Я зашел в свою комнату, чтобы взять чистое белье. Дверь отворилась, и в комнату проникла Люська, с заговорщицким видом. Она явно хотела мне сообщить нечто важное.
— Ах, Андрэ! — воскликнула Люська.
— Ну что тебе? Я же сказал, встретимся в купальне. Вымоете меня после дороги.
— Ты должен знать, Андрэ, это серьезно.
— Ну что еще? Что-нибудь с Иваном Платоновичем?
— Нет, с папаном все хорошо. Папан помогает Якаки с деловыми бумагами. Целыми днями сидит с ним и помогает.
— Ну и замечательно.
— Но Якаки, Андрэ…
— А что не так с Якаки?
— Не с Якаки, а с Этой Особой… — зашептала Люська, оглядываясь на дверь.
— С какой особой? — не понял я.
— С Кэт.
— И что не так с Катькой?
— Мне кажется, она заигрывает с Якаки. О, Андрэ, когда я это заметила, я чуть не умерла от ненависти! Это было так ужасно. Ты воевал, а она в это самое время кокетничала с Якаки. Ты должен прогнать ее, Андрэ! Эта ужасная женщина тебя недостойна.
Да, закрутить роман в мое отсутствие — это было весьма похоже на Катьку. Я почти верил жене, но, конечно, ее информацию следовало проверить и проанализировать.
— Хорошо, я подумаю, — пообещал я, за что был вознагражден поцелуем. — А теперь идем в купальню.
В купальне собралась вся компания, за исключением занимавшегося служебными бумагами Ивана Платоновича. Катька и Натали рассматривали рану графа Орловского и дружно ахали. Рана воспалилась и, вкупе с могучим графским телом, производила неизгладимое впечатление, особенно на женщин.

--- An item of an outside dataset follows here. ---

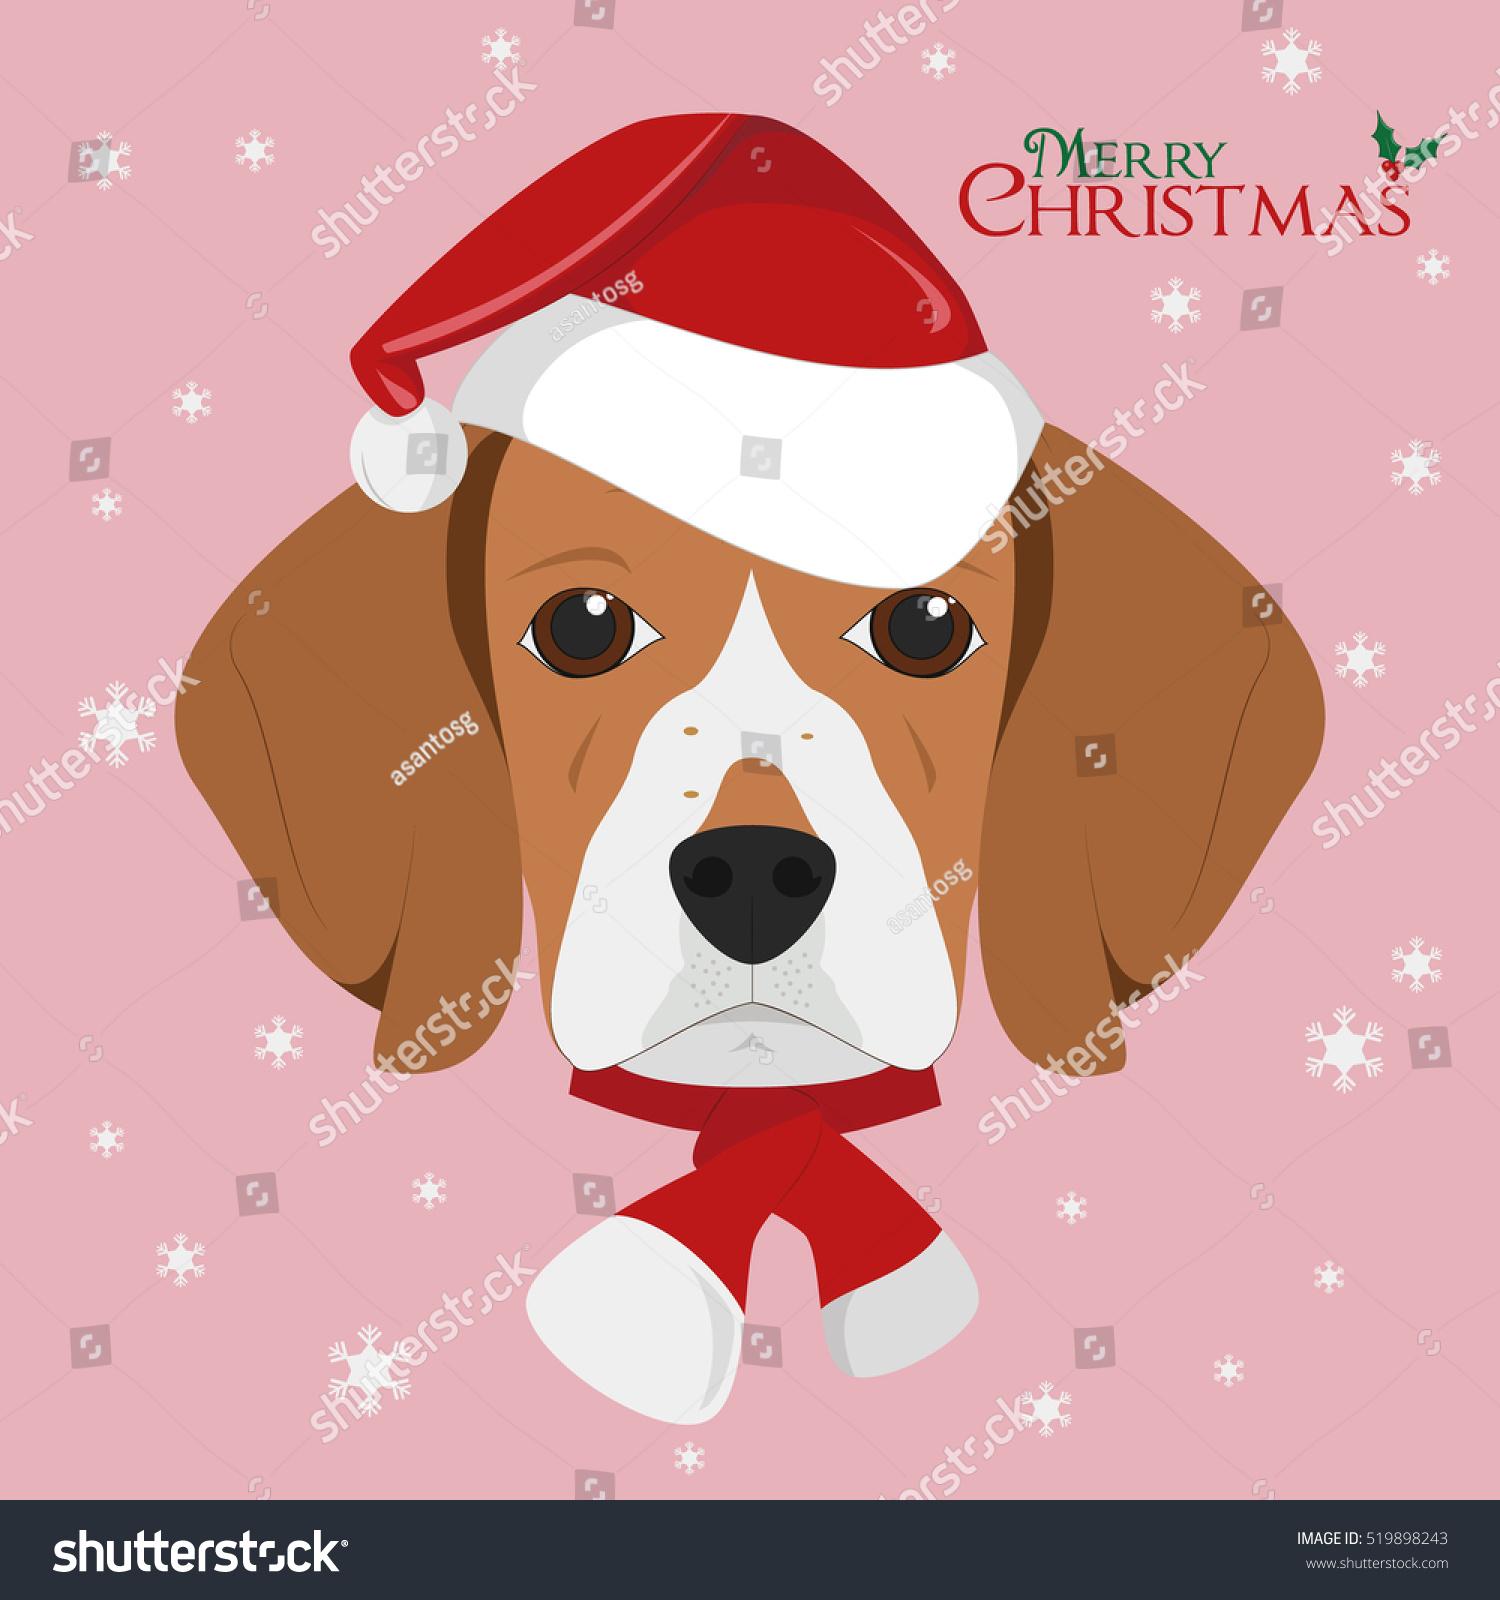 Christmas greeting card beagle dog red stock vector 519898243 christmas greeting card beagle dog with red santas hat kristyandbryce Image collections

— Ее нельзя мочить, — говорила Катька.
— Ее нужно немедленно перебинтовать, — вторила ей Натали.
Голый Орловский смеялся и утверждал, что воспаление вызвано тем, что рану он получил во время купания. Однако, женщины настаивали, и Орловский согласился на то, что рану лучше перебинтовать. Он встал со ступенек и принялся одеваться.
— Натали, иди помоги графу, — сказал я. — Дорогая, — обратился я к жене, — ты ведь не возражаешь против того, чтобы Натали понаблюдала за графом, вернее за его раной. Ночью рана может воспалиться еще больше.

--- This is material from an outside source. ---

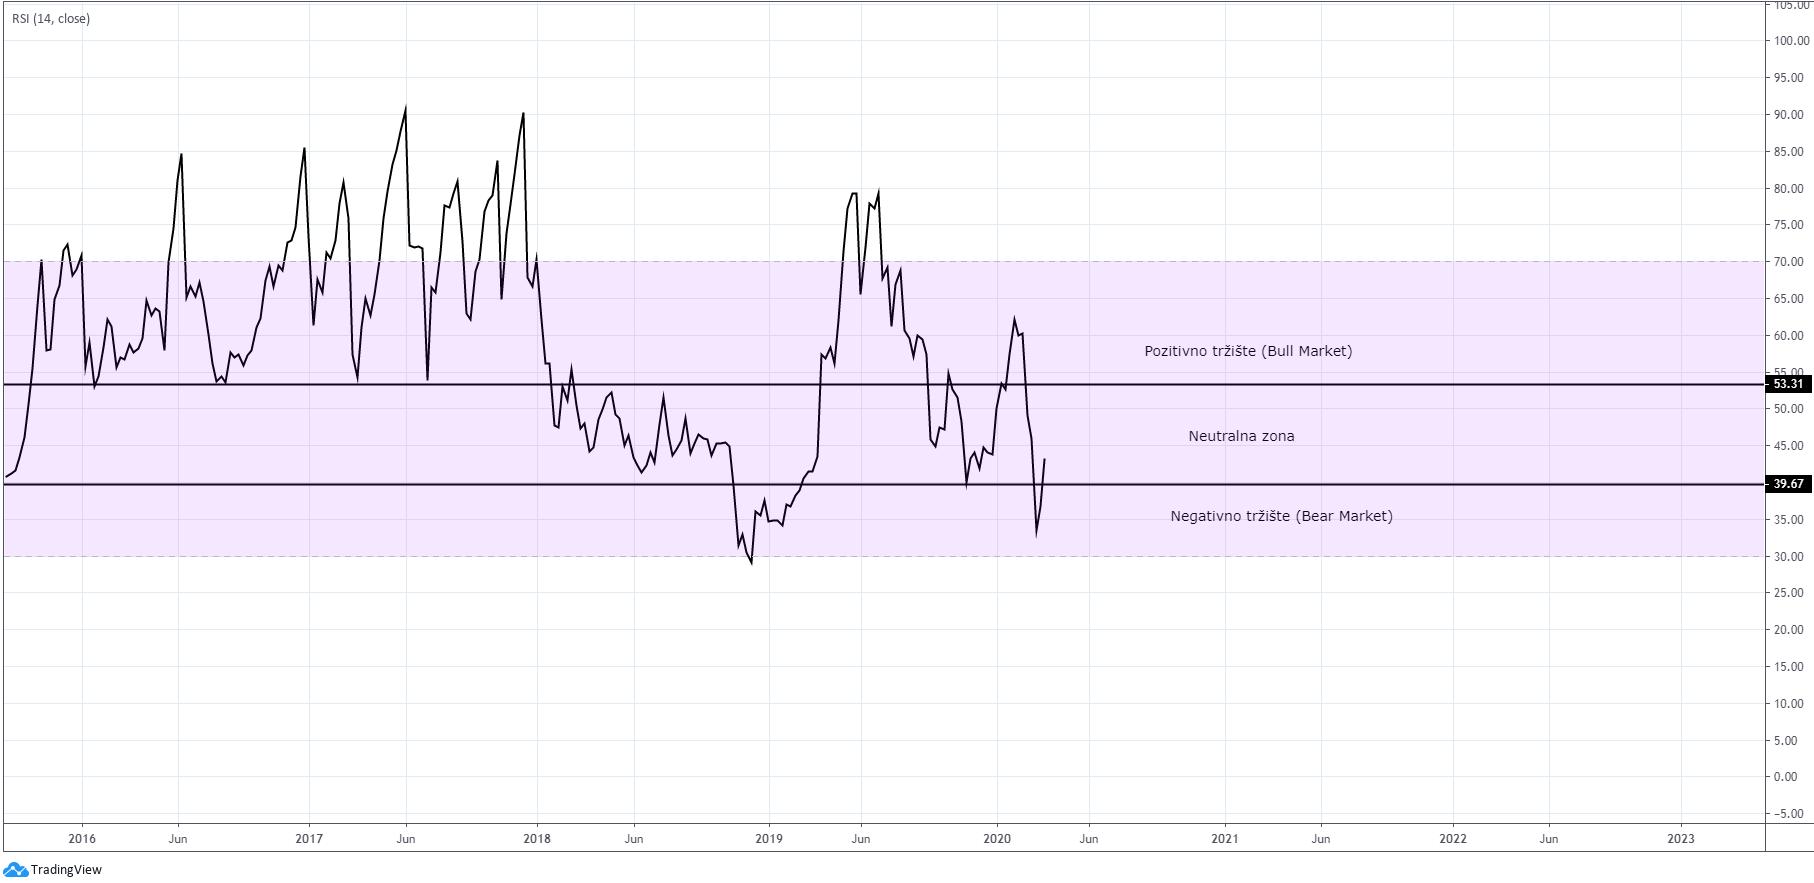 Bitkoin/dolar RSI nedeljni grafikon. Izvor: Tradingview.com

— Конечно, понаблюдай, — воскликнула добрая Люська.
Натали вылезла из купальни и принялась одеваться, дабы сопровождать Орловского на медицинские процедуры. Мы с Люськой тем временем разделись и залезли в купальню, в которой продолжала нежиться Катька.
— Иди ко мне на колени, — сказал я Катьке.
Катька покосилась на Люську, но послушно забралась ко мне на колени.
— Ну, признавайся во всем, изменница, — сказал я, чувствуя, как Катькина попа приятно давит на мой член.